En el Monasterio de la Inmaculada Concepción (Salvatierra, Gto.) habitan 29 hermanas capuchinas que han dejado todo por el llamado de Dios a una vida de soledad y silencio, marcada por la austeridad, la pobreza y la oración continua.

La abadesa María de los Ángeles Rojas Cruz (43), originaria de Querétaro, nos comparte un poco de lo que ha experimentado en 25 años de clausura: alegría, dudas, tristeza y a veces un tanto de preocupación por ver a sus hermanas padecer enfermedades que son difíciles de costear. 

Por Rubicela Muñiz

Hermana, ¿por qué eligió este estilo de vida?

Mi pensamiento nunca fue ser monja. Mi aspiración era casarme y tener doce hijos, pero el Señor me fue llamando. En un momento conocí a unos amigos, uno de ellos se iba a ir al seminario y me hizo una invitación que terminé aceptando después de tanta insistencia de su parte.

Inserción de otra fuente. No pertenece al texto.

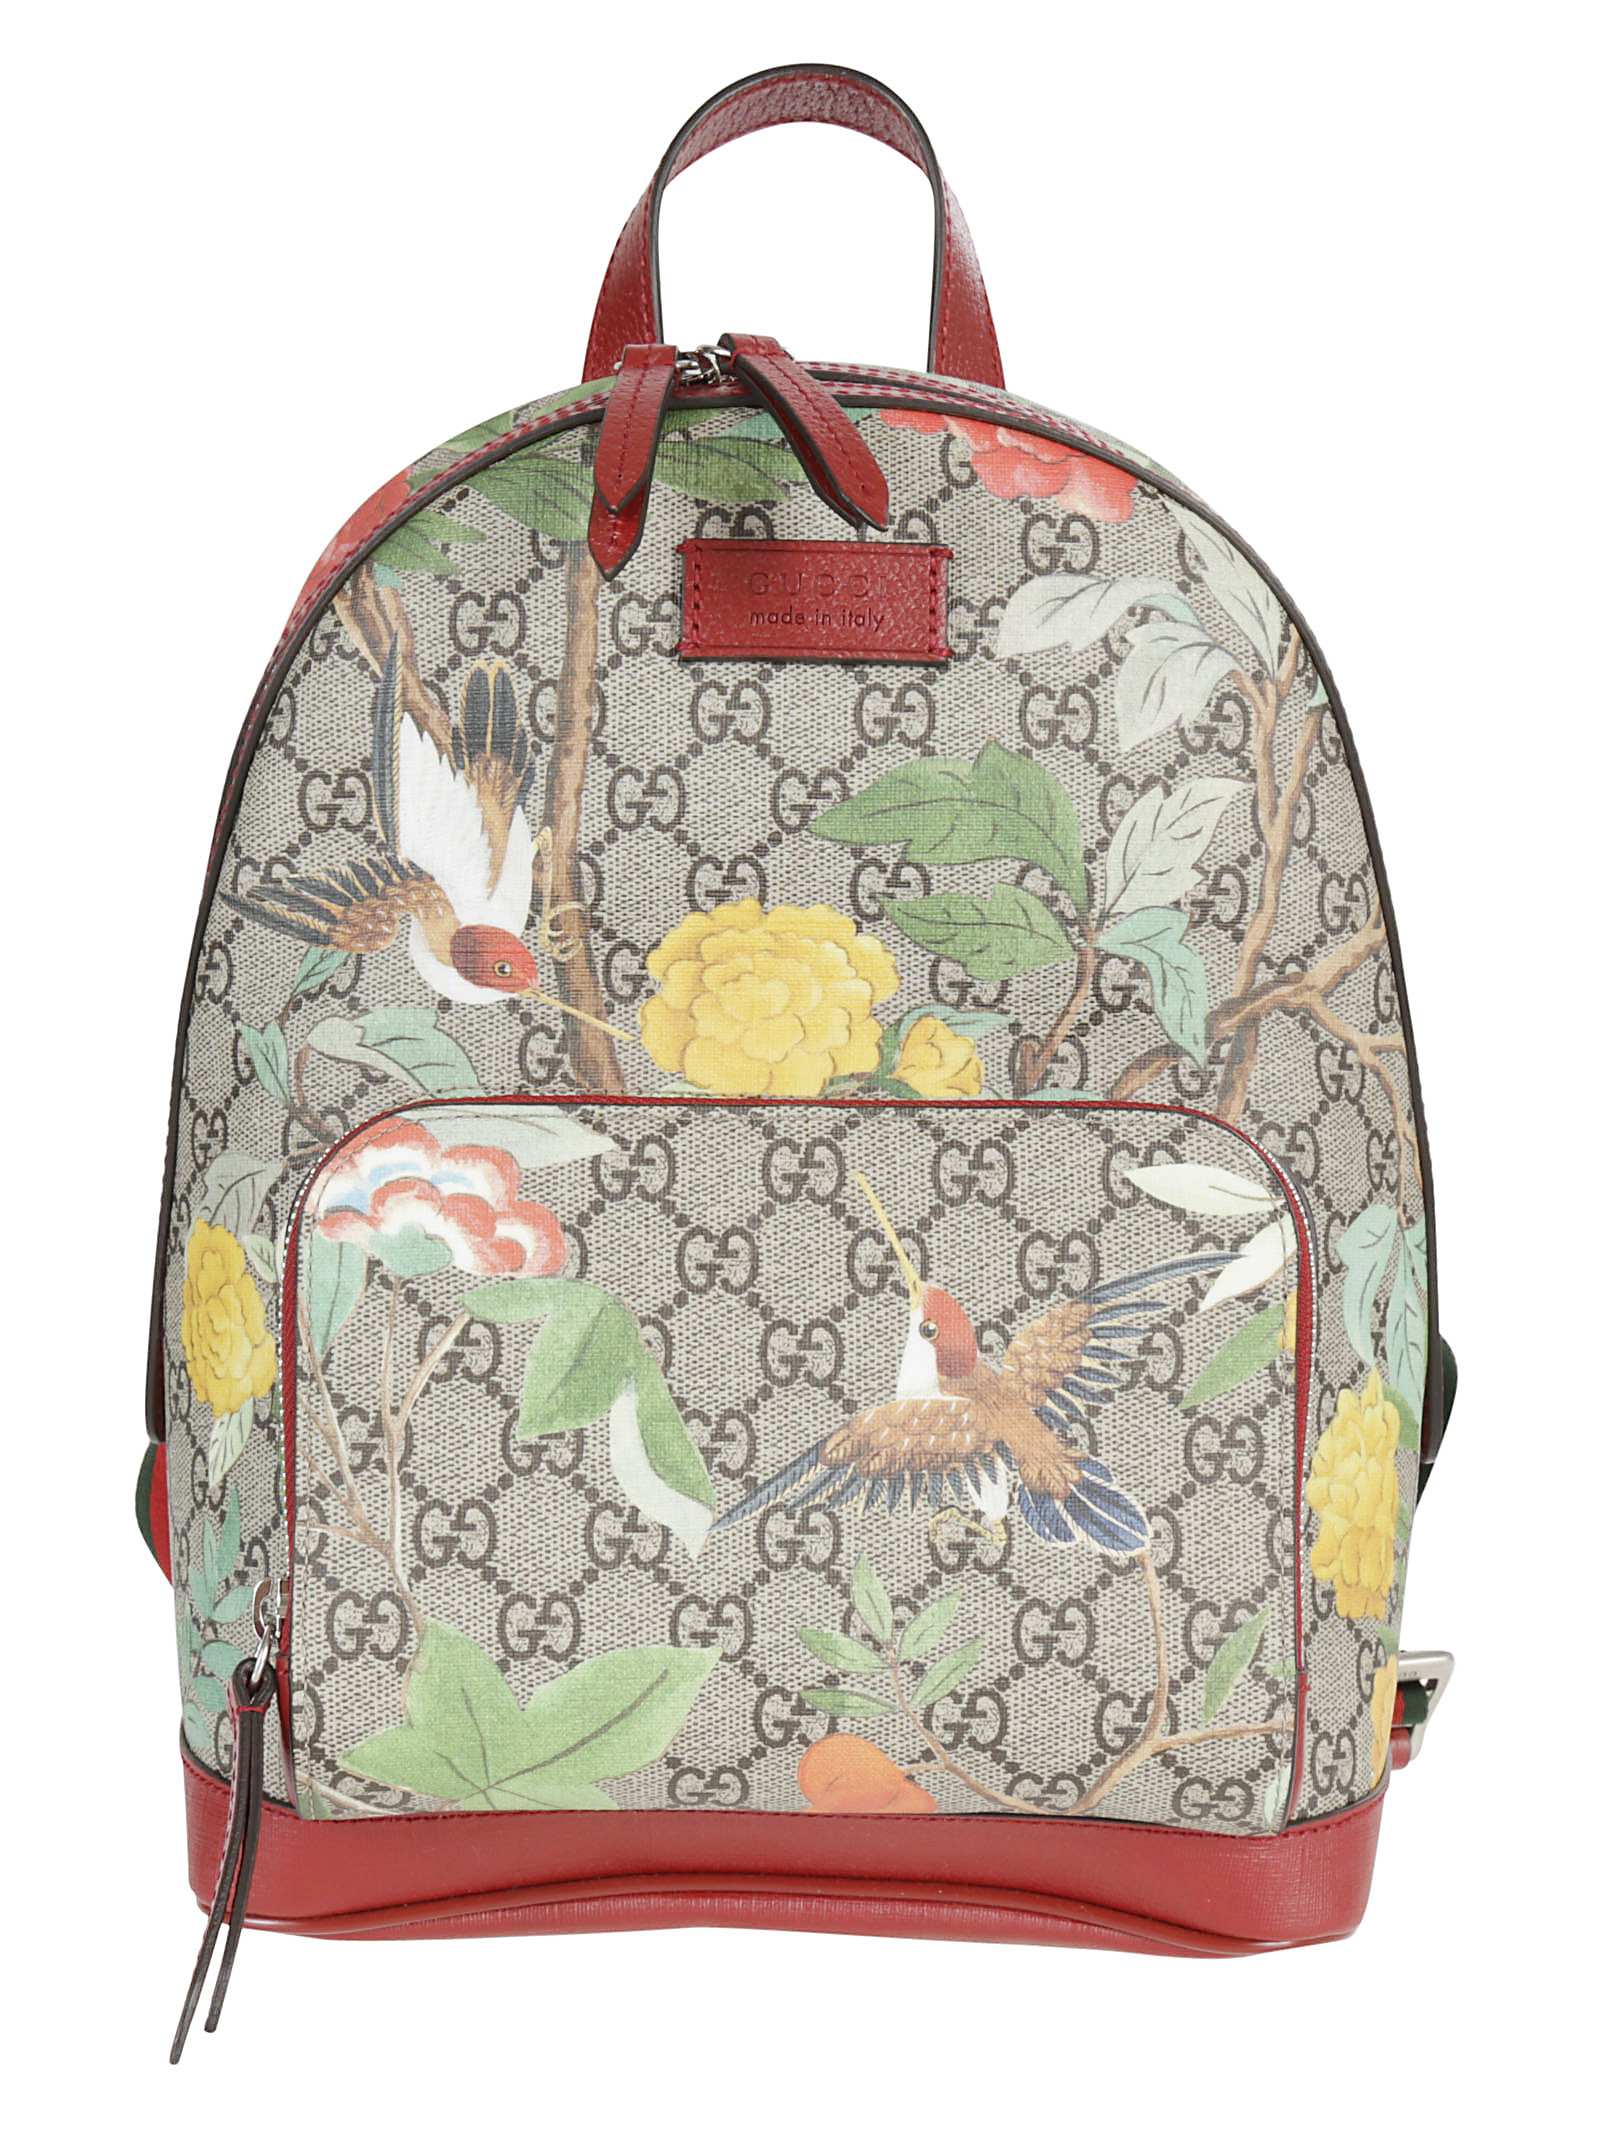 6e5afe38aeb Gucci Gucci Tian GG Supreme Backpack - Beige - 692213   italist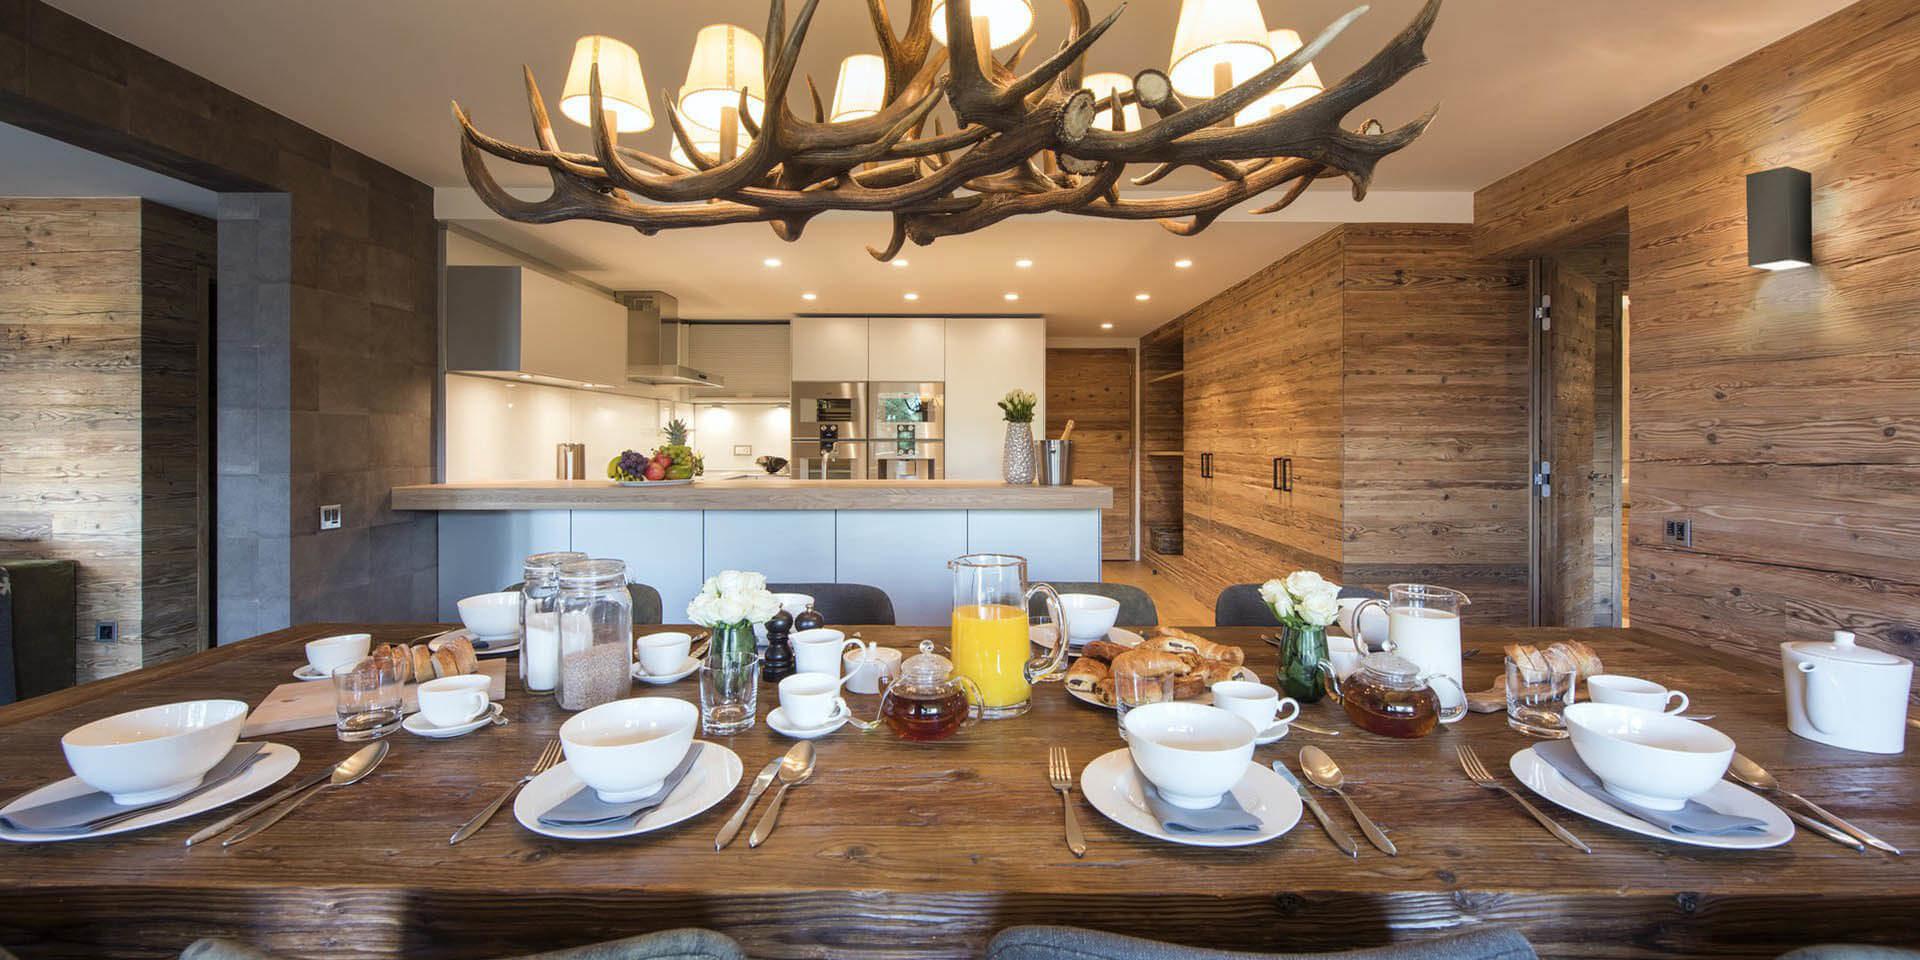 Appartement Rosalp 4 Verbier Les 4 Vallees Zwitserland wintersport skivakantie luxe eetkamer gedekte tafel ontbijt kroonluchter hout keuken bar vers fruit

Yo pensé que ser monja era algo estándar, que no había varios carismas ni tampoco conocía la diferencia de vida contemplativa a vida activa, que son misiones y todo eso. Pero este amigo me empezó a explicar el ritmo de vida de cada una y cuando me habló de la vida contemplativa me hizo cosquillitas.

Ya cuando hablé con el sacerdote que me orientó, sentí el llamado y apenas tenía quince años. Al parecer mi edad sería un obstáculo, pero yo insistí y oraba ante el Santísimo, aunque para mis papás no fue fácil.

El padre me explicó más a fondo lo que era la vida contemplativa, que era algo muy bonito, y acepté la invitación con las clarisas. El plan inicial era entrar a Celaya, pero a última hora el sacerdote me dijo que iría a Salvatierra con las capuchinas. Yo no quería, no me gustaba ni el nombre. Y me dijo que no podía decir que el pastel no estaba rico cuando no lo había probado. Así fue como conocí a las capuchinas de Salvatierra y dije: “Me quedo”.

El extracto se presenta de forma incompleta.